The Fate of the Tea Parties
Steve Clemons on the tea party movement:
I hope that David Frum is right and that the Tea Party movement, which is growing in numbers and ferocity, will hit its limit, experience an Icarus moment, and plunge back into the fringe of American politics where pugnacious, jingoistic, narrow band nationalism has always lurked.
But there is no guarantee of this. A prominent mega-funder of the political left recently told me that he had miscalculated about a number of things in the last election. One of these was that he thought that electorally smashing the increasingly manic right wing that had hijacked the Republican Party and dislodged the more moderate, straight-talking John McCain in favor of the McCain that empowered and unleashed Sarah Palin would produce a more reasonable GOP.
He told me that "their political loss didn't teach the Republicans anything; they actually got much worse."
For what it's worth, I think Frum is right and the mega-funder just needs to have a bit more patience. Parties rarely move to the center immediately after a big defeat. Usually it takes two or three before they finally get the message, and on that metric Republicans aren't due for a move to the center until sometime after 2012.
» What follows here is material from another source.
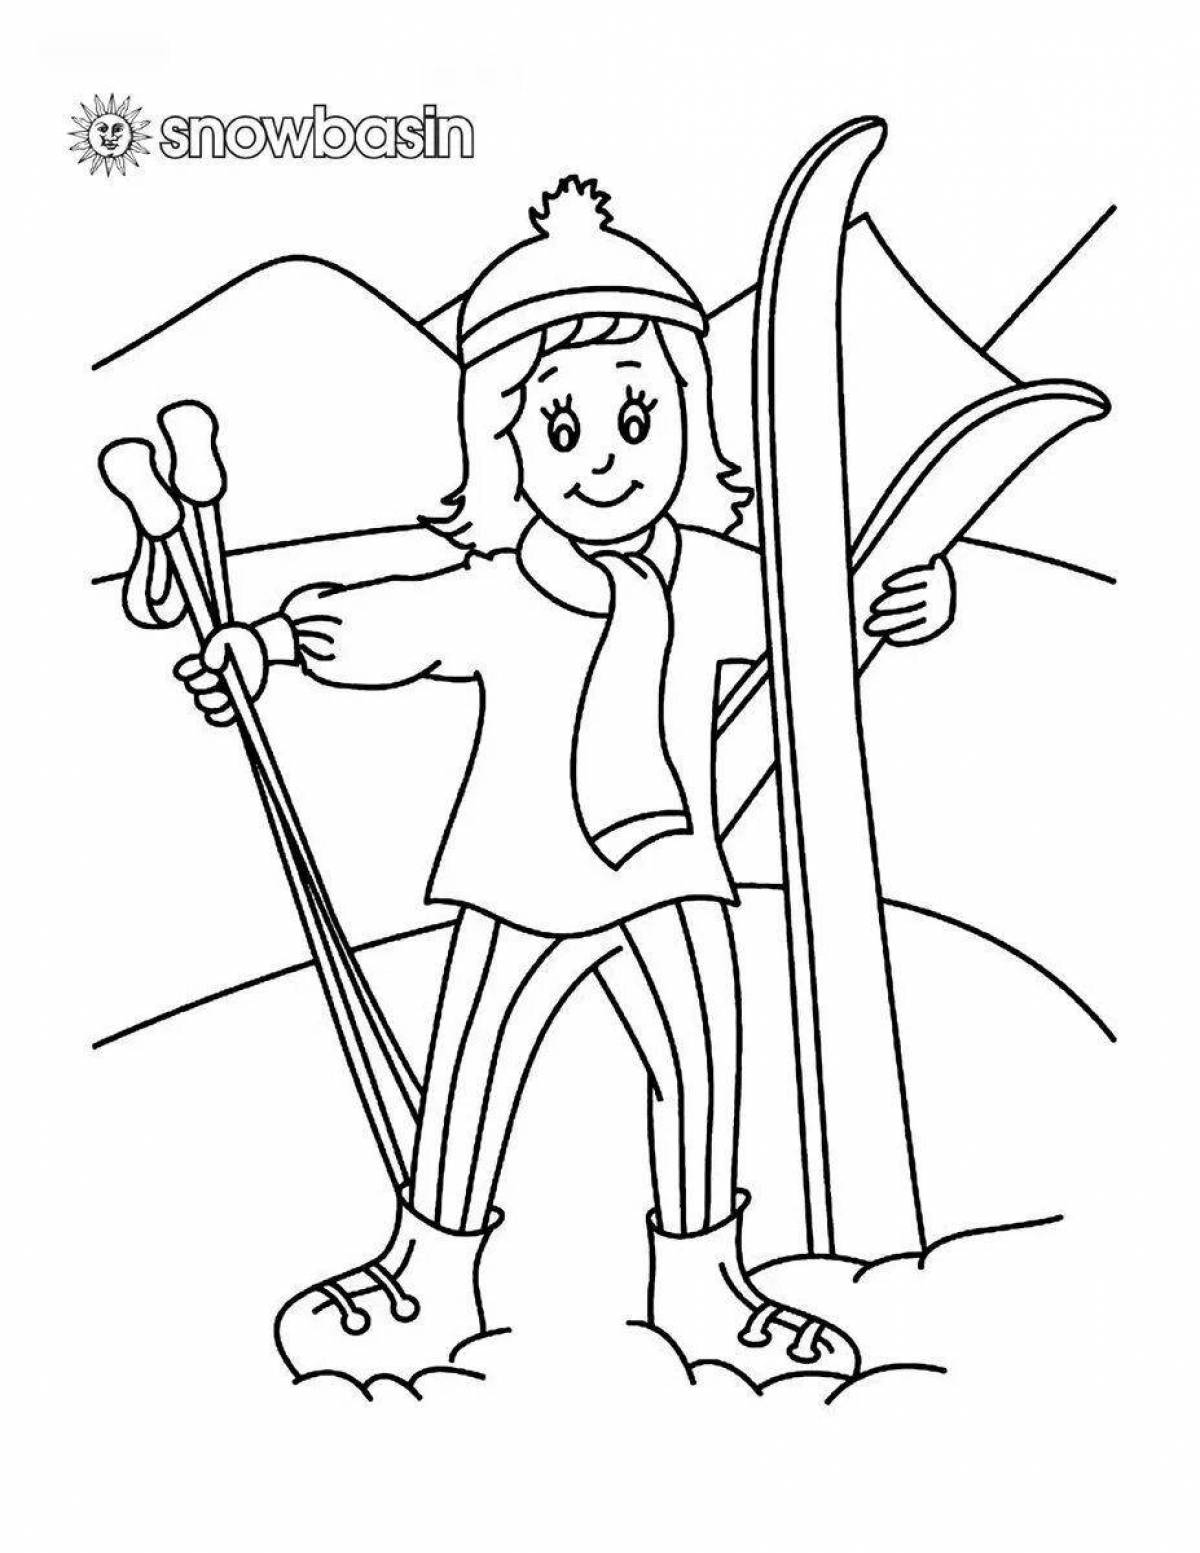 Skier coloring book for kids

As for the tea parties, they're nothing new. We've seen similar conservative movements flower like clockwork during previous Democratic administrations, and they always burn themselves out after a few years. The tea party movement has ascended faster than its ancestors, partly because of lousy economic conditions and partly because of the power of modern media, and my guess is that their fall will be equally swift when it comes. Glenn Beck and Sarah Palin simply aren't the kind of people who wear well. Their fifteen minutes aren't up yet, but they will be within a year or two. More on this later.